Monday, October 18, 2010

Cookie Anyone?

                                                  Picture from Google images
                Have you ever thought of your food as art? More specifically, your favorite cookie? This weekend I decided to bake cookies and I thought, are there any art pieces that are of cookies? Surprisingly, there are.
                The chocolate chip cookie is pretty universal, and it has been around since 1930. It was created by Ruth Walkfield at the Toll House Inn, where of course that’s where Toll House cookies came to be. Ever since then, chocolate chip cookies have become the most popular cookie in America.
                I came across this art piece, “Eat Your Heart Out,” by Tim Berg and Rebekah Myers, 2008. It shows a series of 4 pieces. The 4 pieces shows a giant ice cream sandwich being eaten. In the end, you just have the wrapper.
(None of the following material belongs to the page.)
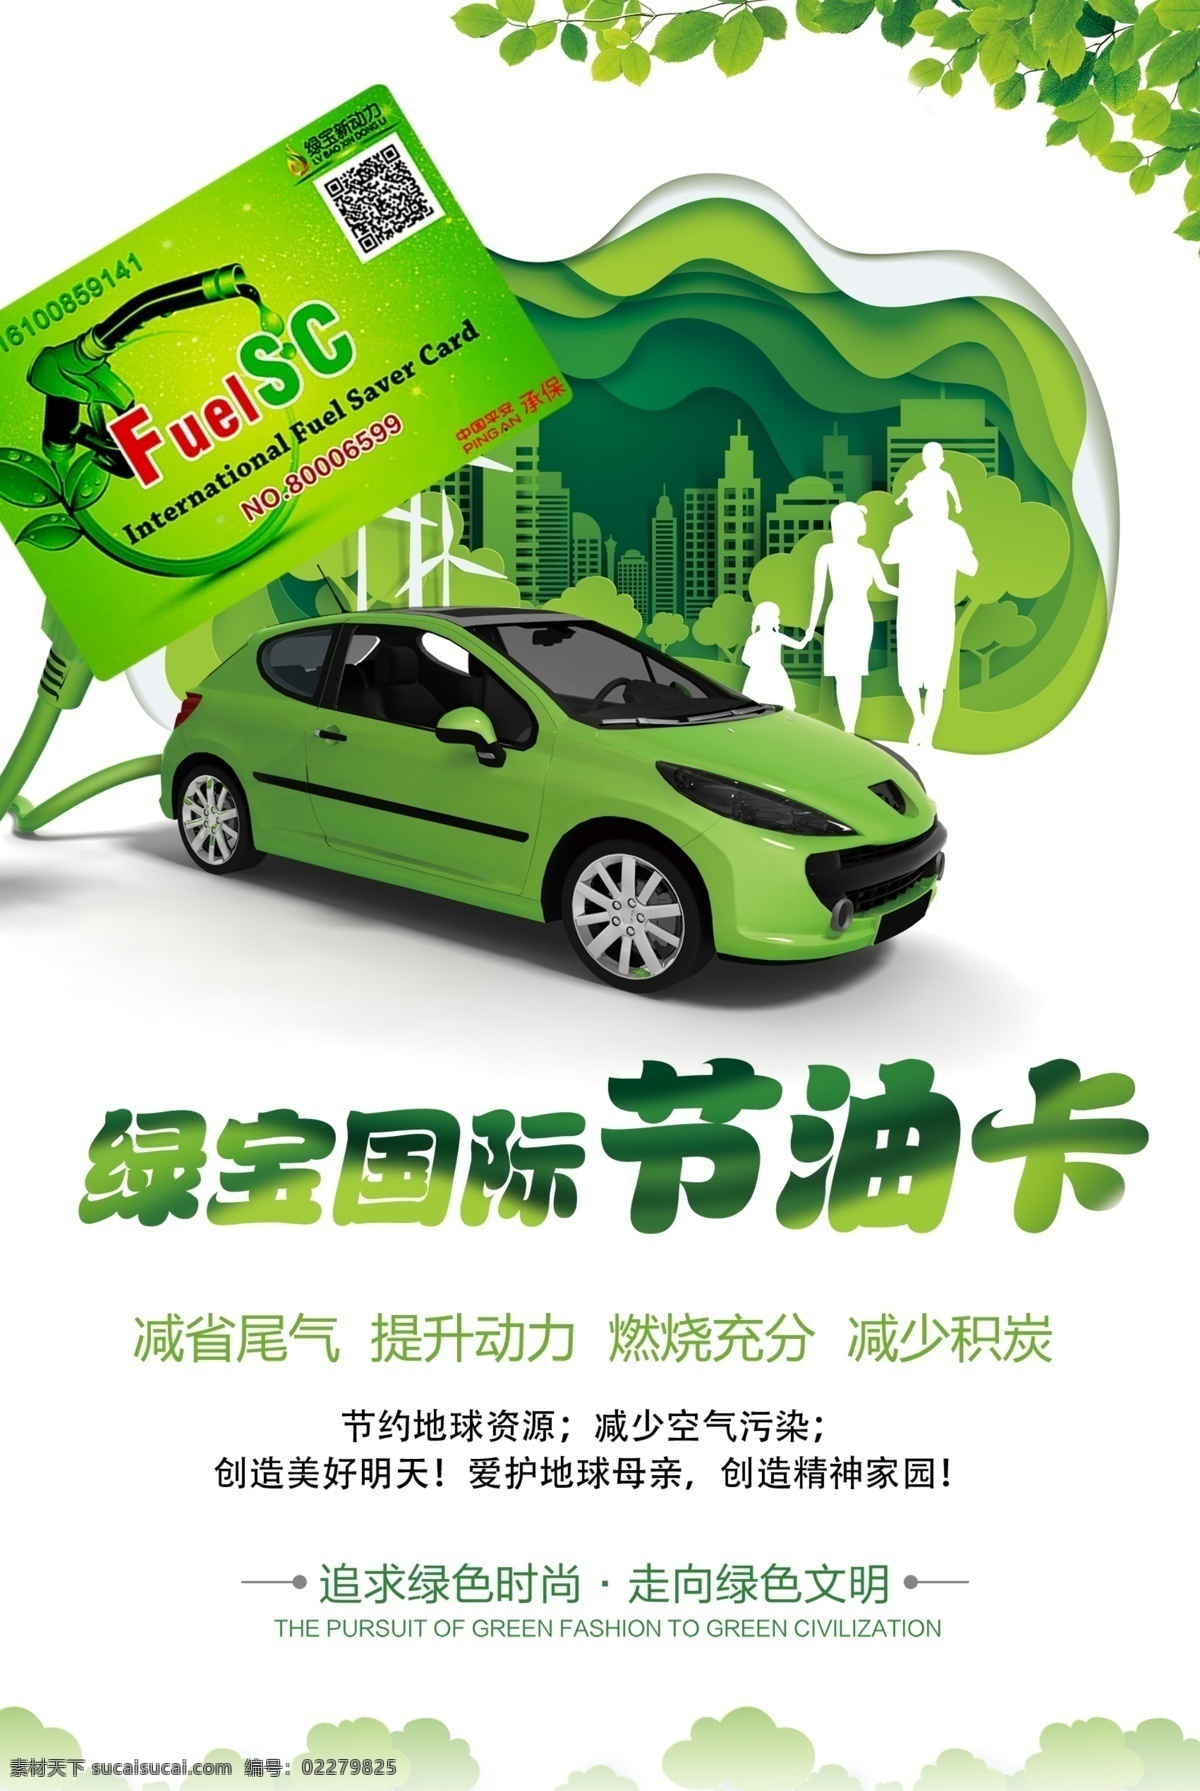 绿宝国际 节油卡 绿宝新动力 车 节油 绿宝海报

                                                Picture from Google images
                But, Tim and Rebekah, is using this of many other art pieces to represent disconnect between our reassuring fantasies of nature and the much more alarming reality. They present sculptural installations of childhood language, such as toys. They turn the message of comfortable accommodation upside down. The use highly glazed clay, fiberglass, plastic, wood, and Styrofoam to show their fragility. Their previous works include shiny pink penguins set on eroding ceramic ice floes and inflatable plastic killer whales resting on ornamental wooden bases. They juxtapose these creatures against fabricated ice cream sandwiches, half eaten popsicle and ice cream cones. They are symbols of our mindless consumption. These sculptures show our careless disregard for nature’s fate and suggest a similarity of the way we treat our personal possessions, such as the natural world. The show is titled “All good things…,” a phrase whose unstated ending is, “must come to an end.”
                So there is more to a cookie than just its taste. When you look paste it as just a dessert, you find a big representation of our consuming world. Although we have many good things in our lives, they are all being mass produced and are very harmful to our natural world. We must understand that eventually, all good things must come to an end.